Wrong demotions in CNN architecture

Nia3324 · January 10, 2024, 1:22am

Im currently trying to implement a CNN for a Alpha Zero game player, using pytorch but im getting an error regarding matrices multiplication. My input consists of 3 channels with 10x10 matrices.

model = Net(10, 10**2+1)
print(summary(model,(3,10,10)))

giving me the following error:

RuntimeError                              Traceback (most recent call last)
<ipython-input-32-0a101a882eb1> in <cell line: 3>()
      1 model = Net(10, 10**2+1)
      2 
----> 3 print(summary(model,(3,10,10)))

9 frames
/usr/local/lib/python3.10/dist-packages/torch/nn/modules/linear.py in forward(self, input)
    112 
    113     def forward(self, input: Tensor) -> Tensor:
--> 114         return F.linear(input, self.weight, self.bias)
    115 
    116     def extra_repr(self) -> str:

RuntimeError: mat1 and mat2 shapes cannot be multiplied (40x10 and 2x101)

This is the current architecture:

def conv3x3(in_planes, out_planes):
    return nn.Conv2d(in_planes, out_planes, kernel_size=3, padding=1)

def conv1x1(in_planes, out_planes):
    return nn.Conv2d(in_planes, out_planes, kernel_size=1, padding=0)


class Net(nn.Module):
    def __init__(self, board_size, action_size, num_resBlocks=20, num_hidden=128):
        super().__init__()
        self.device = torch.device("cuda" if torch.cuda.is_available() else "cpu")

        # Initial convolution 
        self.startBlock = nn.Sequential(
            conv3x3(3, num_hidden),
            nn.BatchNorm2d(num_hidden),
            nn.ReLU()
        )
        
        # Loop of all 20 Residual Layers
        self.backBone = nn.ModuleList(
            [ResBlock(num_hidden) for i in range(num_resBlocks)]
        )
        
        
        # Outputs expected value of the state 
        self.valueHead = nn.Sequential(
            conv1x1(num_hidden, 1),
            nn.BatchNorm2d(1),
            nn.ReLU(),

            nn.Linear(in_features=1, out_features=num_hidden),
            nn.ReLU(),

            nn.Linear(in_features=num_hidden, out_features=1),
            nn.Tanh()
        )

    
        # Outputs the probabilities of each possible action 
        self.policyHead = nn.Sequential(
            conv1x1(num_hidden, 2),
            nn.BatchNorm2d(2),
            nn.ReLU(),
            nn.Linear(2, out_features=(action_size)),
            nn.Softmax(dim=1)
        )


        self.to(self.device)

    def forward(self, x):
        x = self.startBlock(x)

        for resBlock in self.backBone:
            x = resBlock(x)

        policy = self.policyHead(x)
        value = self.valueHead(x)

        return policy, value
    

class ResBlock(nn.Module):
    def __init__(self, num_hidden):
        super().__init__()
        self.conv1 = conv3x3(num_hidden, num_hidden)
        self.bn1 = nn.BatchNorm2d(num_hidden)
        self.conv2 = conv3x3(num_hidden, num_hidden)
        self.bn2 = nn.BatchNorm2d(num_hidden)
        self.relu = nn.ReLU()

    def forward(self, x):
        identity = x

        out = self.conv1(x)
        out = self.bn1(out)
        out = self.relu(out)

        out = self.conv2(out)
        out = self.bn2(out)

        # Skip connections
        out = self.relu(out + identity)

        return out

Thank you so much for your help, i really appreciate it!

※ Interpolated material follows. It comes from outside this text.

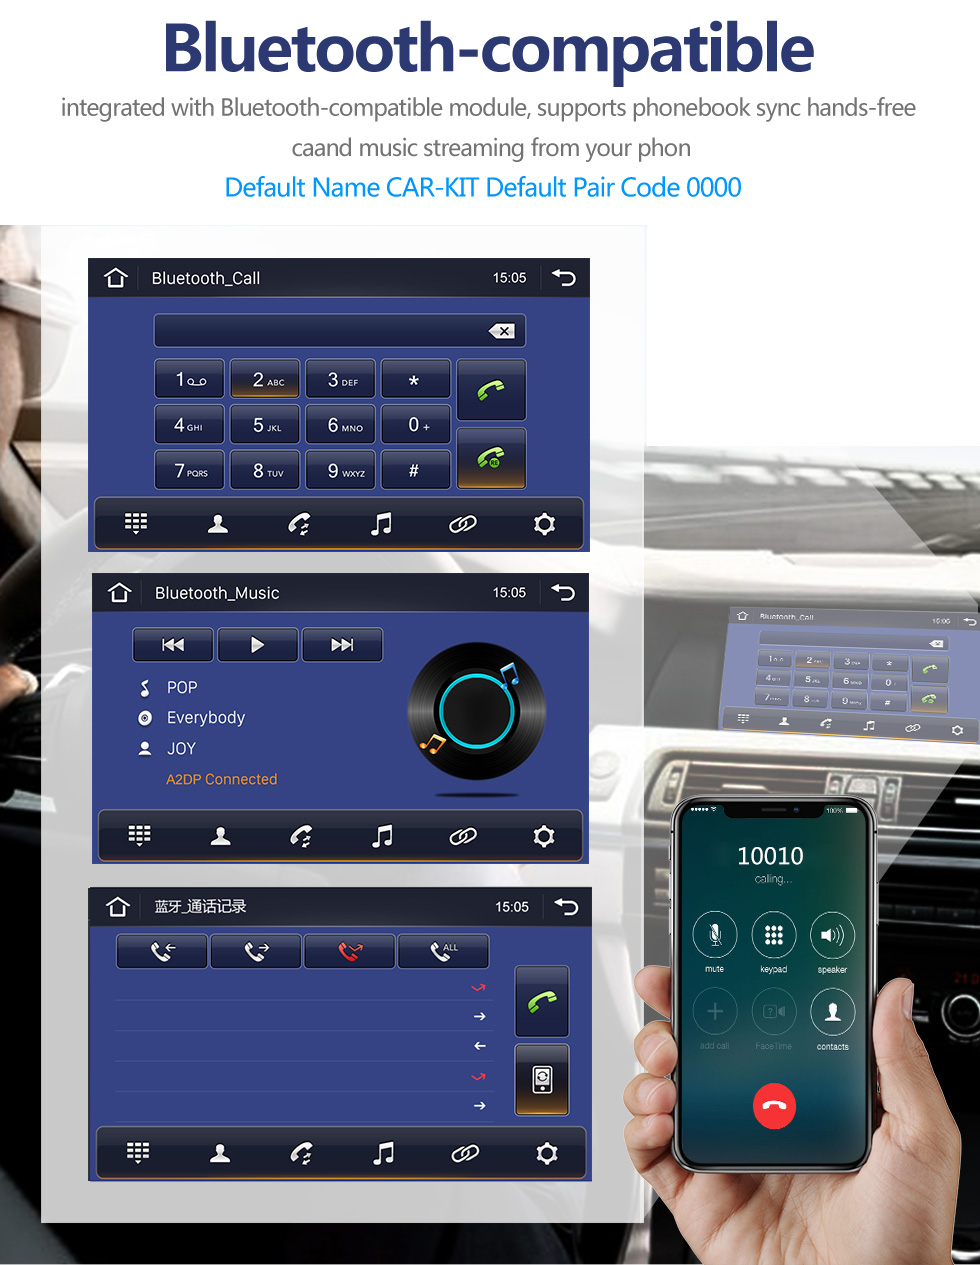 Seicane 10,1 pouces Android 10.0 HD Écran tactile pour 2010 AUDI A4 LHD avec prise en charge Carplay DSP intégrée Commande au volant Caméra AHD WIFI 4G

J_Johnson · January 22, 2024, 1:48pm

Your error isn’t complete. But what we can tell is that your convolution layers probably aren’t the issue, because it’s getting all the way to the linear classifier, which is giving the error.

The error is a mismatch of sizes.

Nia3324:

self.policyHead = nn.Sequential(
            conv1x1(num_hidden, 2),
            nn.BatchNorm2d(2),
            nn.ReLU(),
            nn.Linear(2, out_features=(action_size)), #<--- here
            nn.Softmax(dim=1)
        )

It looks like the above is where the error is coming from. Your layer only takes 2 features, but the size of the data going through your model is (40, 10) by that point. You will need to either change that layer’s input size to match the data going in, or use additional convolutions to bring the size of the features down further.

On a side note, 2 features as input for that last linear layer is woefully insufficient, especially with an action space of 101. Have a look at AlphaZeros code again, especially at the output.